SUPPLIED MATERIAL -
§
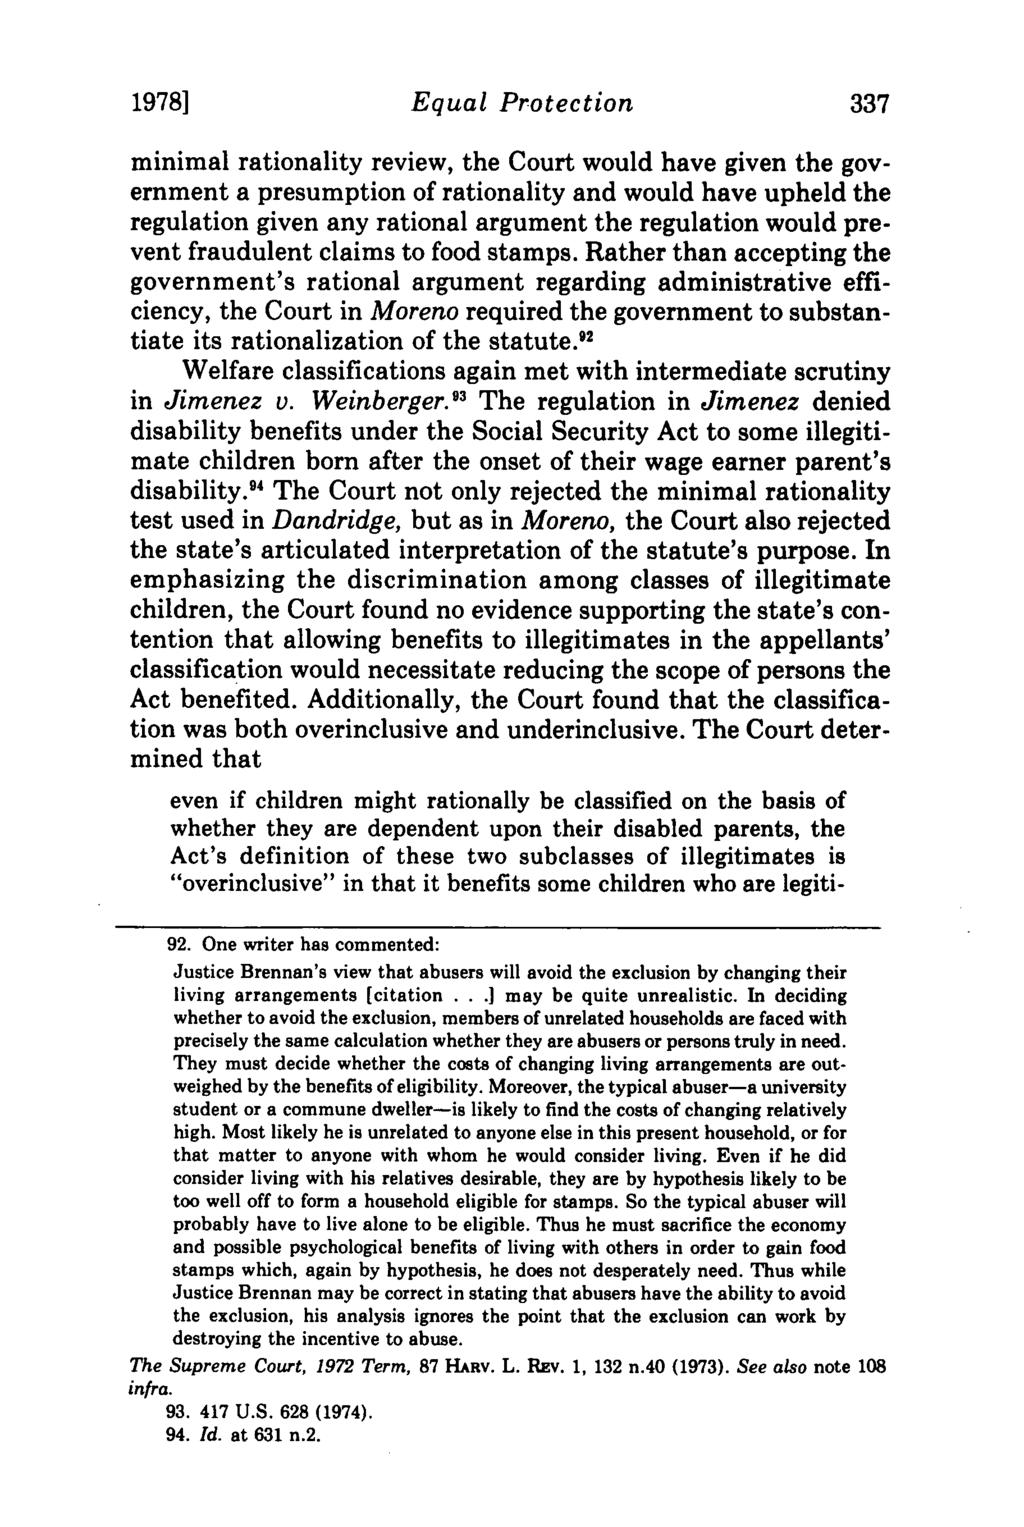 19781 Equal Protection minimal rationality review, the Court would have given the government a presumption of rationality and would have upheld the regulation given any rational argument the
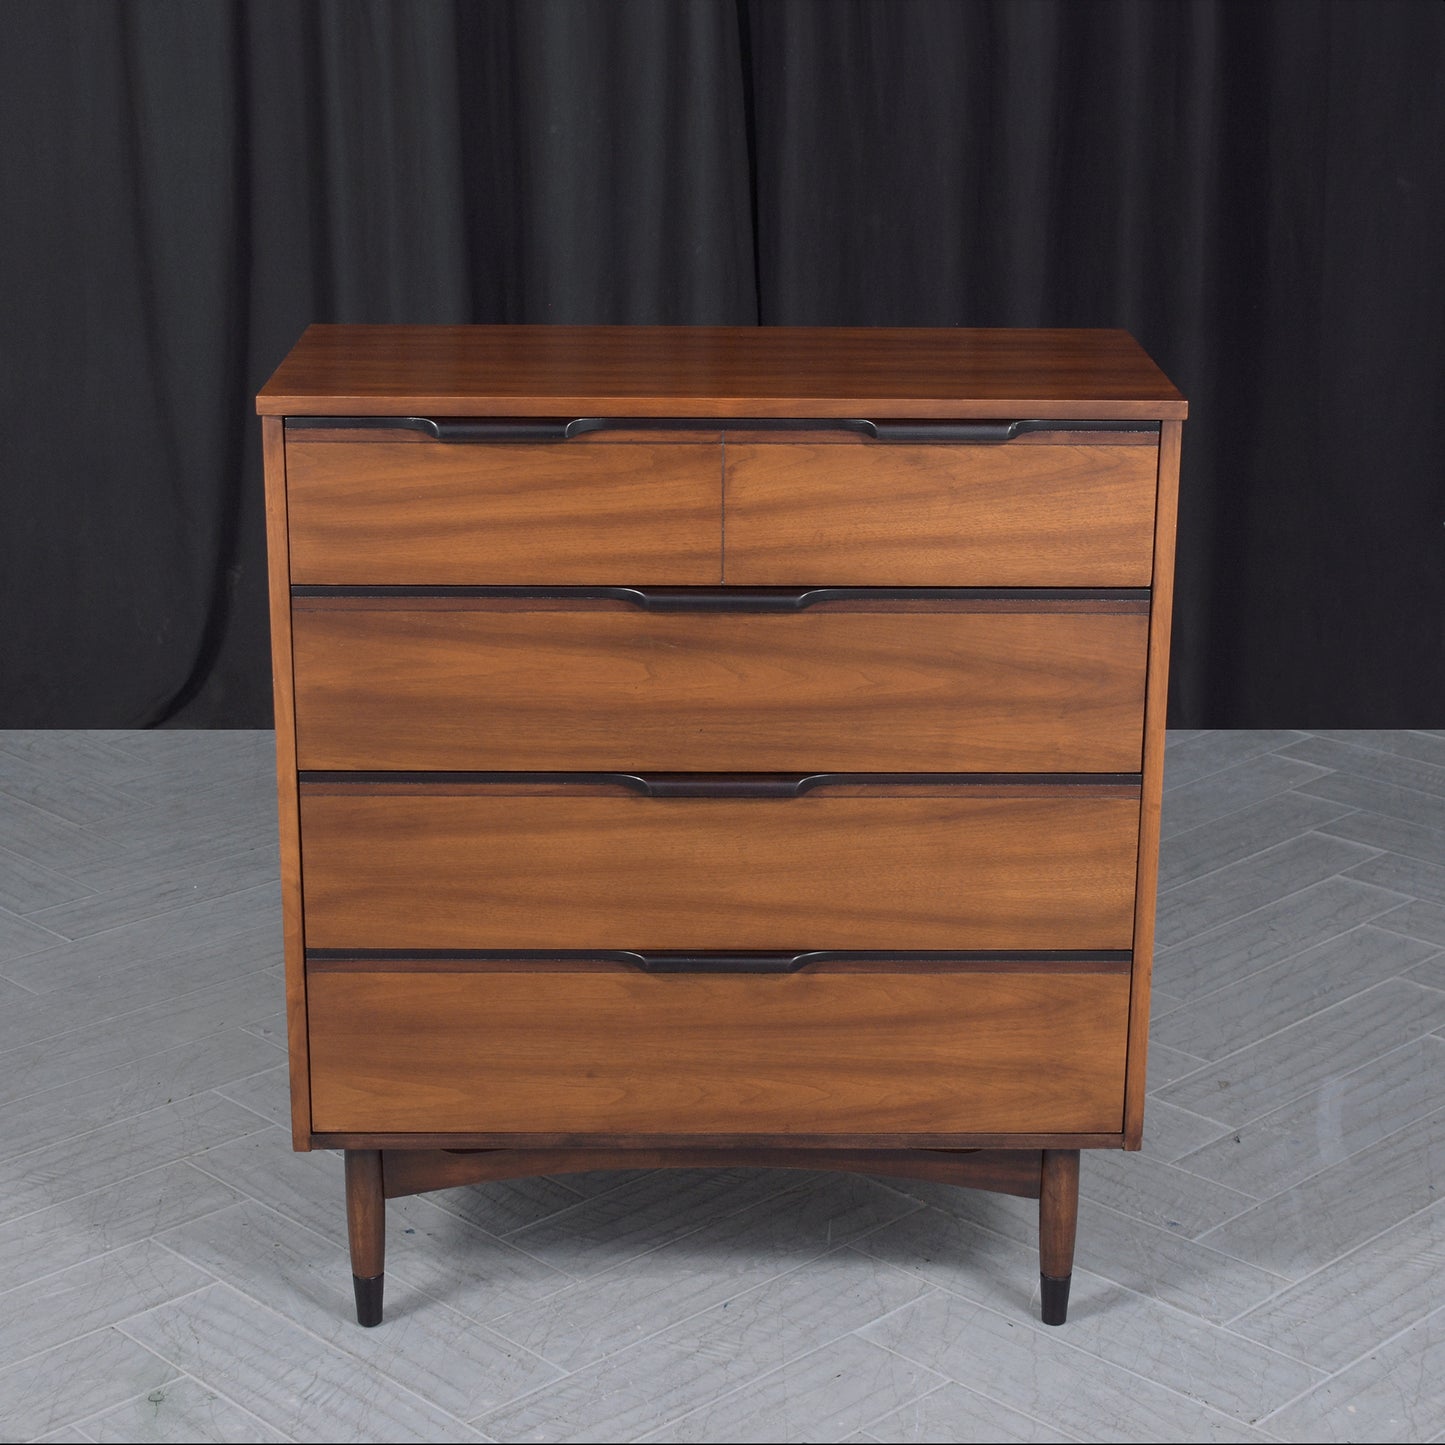 Handcrafted Modern Walnut Dresser: Two-Tone with High-Gloss Finish
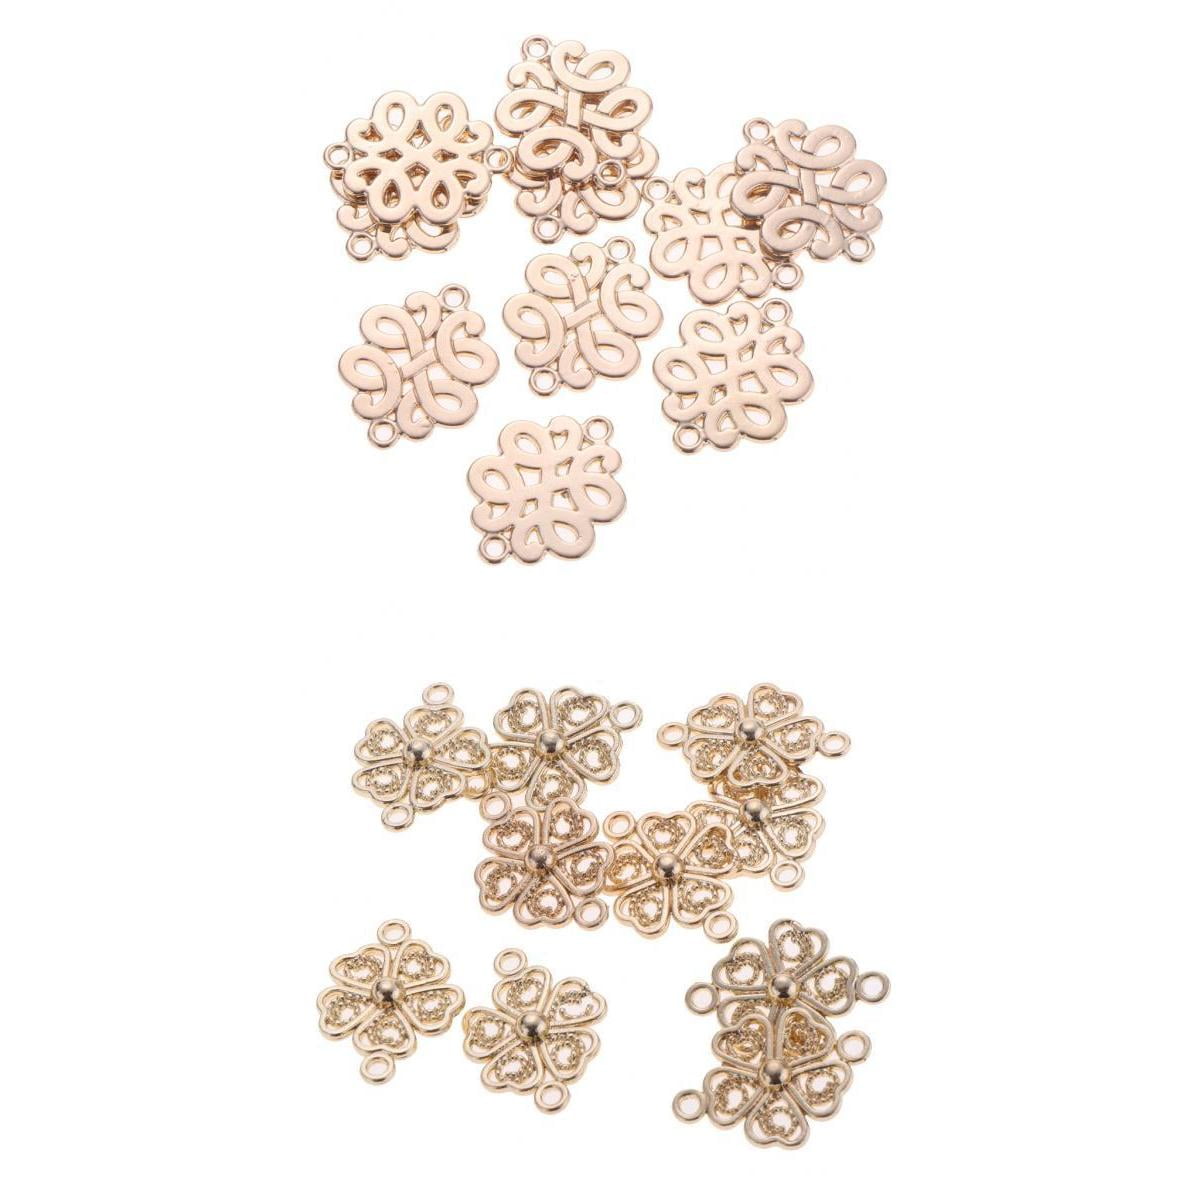 20Pcs Flower Chandelier Component Links Charms for DIY Dangle Earring Making
§
YOUR ASSIGNMENT - All the lines above are to be given again exactly as they read, with the pictures removed.

TASK OUTPUT -
 19781 Equal Protection minimal rationality review, the Court would have given the government a presumption of rationality and would have upheld the regulation given any rational argument the
 Handcrafted Modern Walnut Dresser: Two-Tone with High-Gloss Finish
 20Pcs Flower Chandelier Component Links Charms for DIY Dangle Earring Making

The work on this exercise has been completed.